An engine failure while flying a single-engine Stinson Voyager over the jungles of Honduras in 1958 nearly killed Spectrum CEO Linden Blue. After this incident he started to design aircraft that had multiple engines.

Since approximately 2006, the company has been involved in the development of two very light jets, the Spectrum S-33 "Independence" and the S-40 "Freedom", which are to be constructed making extensive use of composite materials. The twin-engined single pilot aircraft are supposed to carry between five and nine passengers over distances between circa 3000 and 4000 kilometres, using about 40% less fuel than conventionally built planes. The certification dates of both planes have been postponed on several occasions, even more so after a setback in 2006, when the company's only prototype - a S-33 - crashed, causing the death of two pilots. Further to that, the Global Financial Crash 2008 made the business climate for business jets more restrictive.

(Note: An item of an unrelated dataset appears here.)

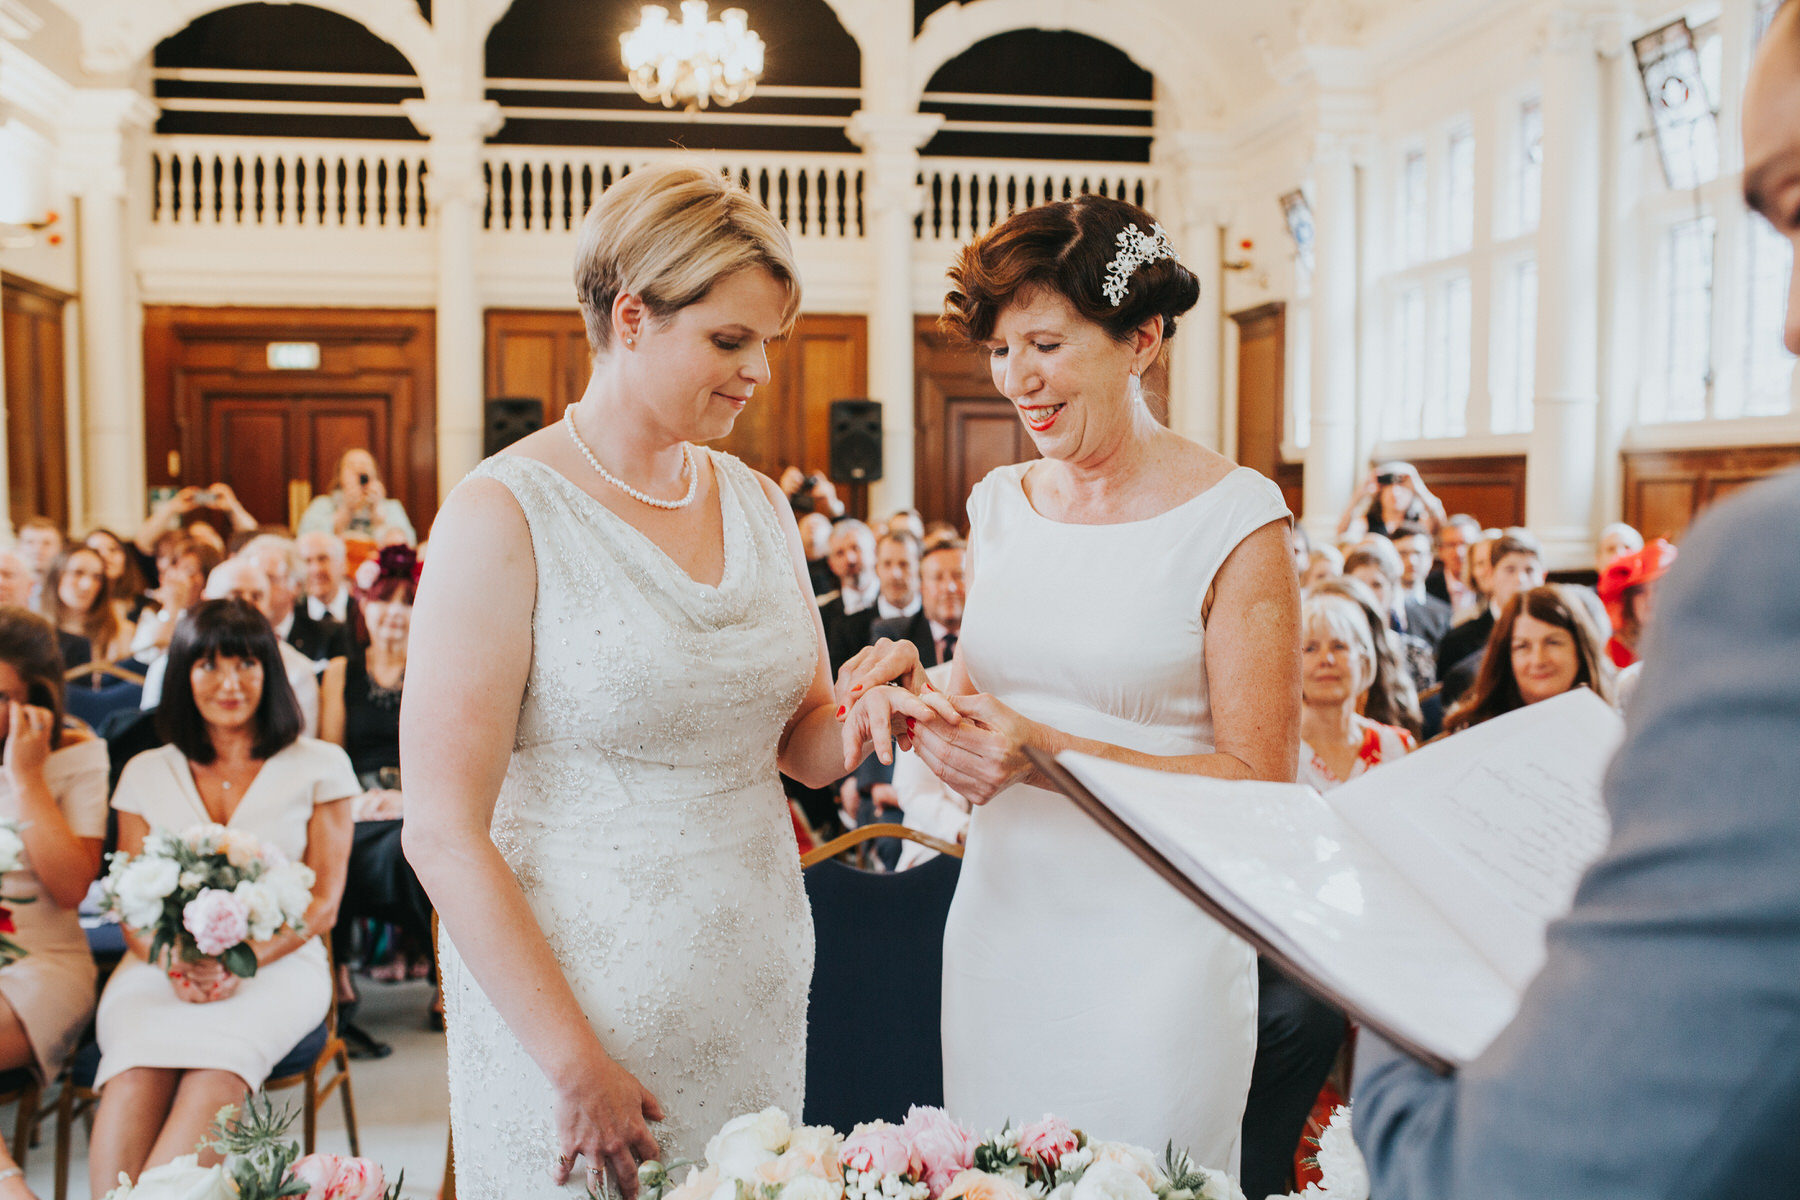 108 Islington documentary wedding ceremony two brides.jpg

The S-33, with an envisaged selling price of just under US-$ 4m, is scheduled to be certified 12 months after the S-40, which is to sell for below US-$ 7m. In recent years Spectrum has sought finance through banks, investors and joint ventures with other aircraft manufacturers. In May 2011 Spectrum president Austin Blue is quoted: "We are still trying to get the programmes advancing, but it is not easy".

Advertised claims 
Spectrum has taken part in the development of composite aircraft which includes the MQ-1 Predator, LearAvia Lear Fan, Beechcraft Starship, Scaled Composites Proteus, Bell Eagle Eye and Williams V-Jet II. 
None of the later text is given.